Materials and Methods

Sixty SHR rats were divided into two groups: those showing osteonecrosis (SHR+n group: 32), and those showing normal ossification (SHR-n group: 28). Thirty Wister Kyoto rats served as a control. For histomorphological measurement, the length of each zone of the growth plate was measured. Cell kinetics was measured by 5-bromo-2'-deoxyuridin (BrdU) immunohistochemistry and transferase-mediated deoxyuridine triphosphate-biotin nick end labeling (TUNEL) assays. Vascular endothelial growth factor (VEGF) immunohistochemistry was used to identify of expression of VEGF.

Results

The lengths of growth plates of the SHR+n group were significantly shorter in the initial growth period than those of the other groups. The lowest proliferative rate and the highest apoptosis rate were observed in the SHR+n group at the initial growth period. The expression of VEGF in the growth plate of the SHR group was lower than the control group, and it was lower in the SHR+n group than in the SHR-n group.

Conclusion

The growth plate of the SHR+n group was found to be affected by disease process of ischemic necrosis of the femoral head, and this might explain the relative overgrowth of the greater trochanter in the later stages of LCP disease.

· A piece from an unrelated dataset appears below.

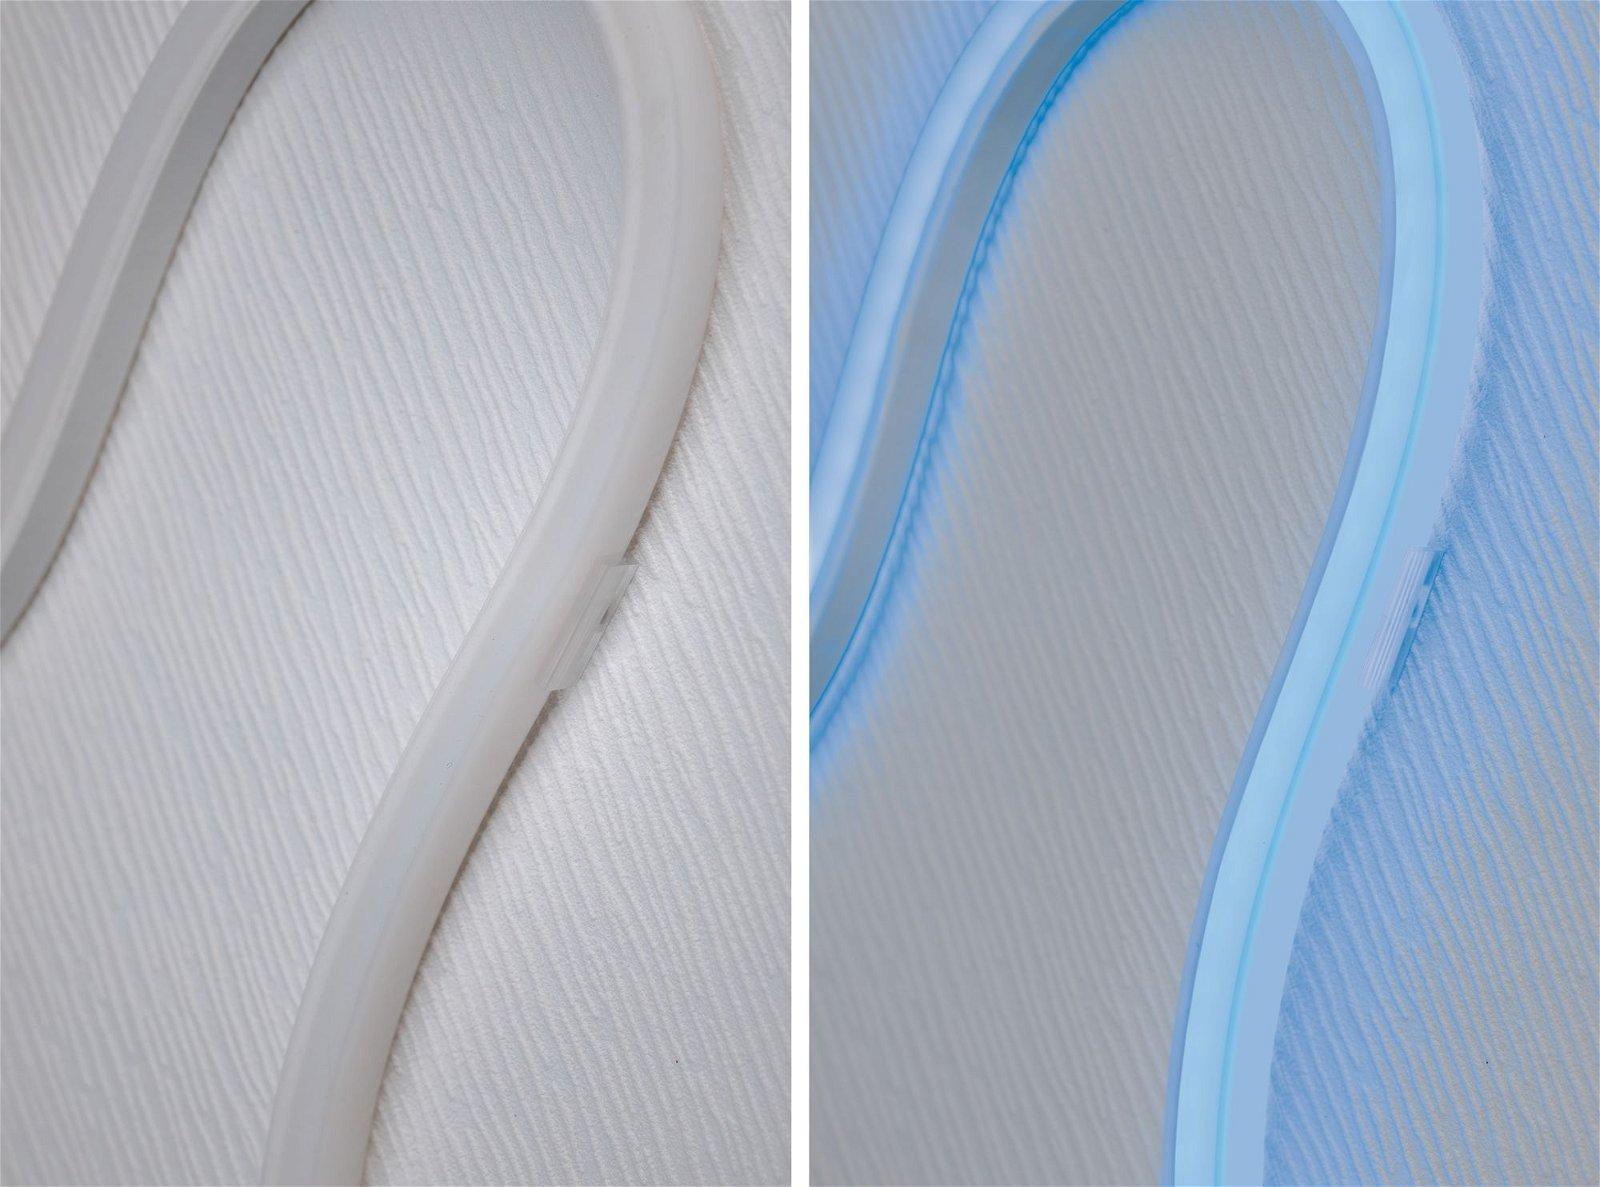 MaxLED Flow LED Strip RGB 1,5m 13,5W 600lm RGB 24VA

Keywords: Spontaneous hypertensive rats, growth plate, avascular necrosis, apoptosis, vascular endothelial growth factor

INTRODUCTION

Legg-Calvé-Perthes (LCP) disease is a pediatric illness characterized by avascular necrosis in the immature capital femoral epiphysis of the femoral head.1-3 Contrary to avascular necrosis in the femoral head in adults, LCP disease is accompanied by a remodeling procedure during its natural course. During the remodeling process, dead bone is replaced with living bone, and the deformed head can remodel.4-6 In approximately 40% of pediatric patients, even if properly treated, the length of the femoral neck becomes short after the completion of growth, and limping can occur because of the relative overgrowth of the greater trochanter area.2,4

Even if the necrotic femoral head is reduced into the acetabulum socket by surgical or non-surgical treatment, persistent residual deformity occurs quite commonly, which results in a deformed head and subsequent early degenerative arthritis of the hip joint. Ponseti, et al.1 reported cleft formation with amorphous debris in the growth plate accompanying amorphous residue and extravasations. They observed that cartilage cells continued to proliferate while ossification within the cartilage did not occur. This implies that avascular necrosis in LCP disease is not simply limited to the epiphysis of the femoral head, but also simultaneously extends to the growth plate.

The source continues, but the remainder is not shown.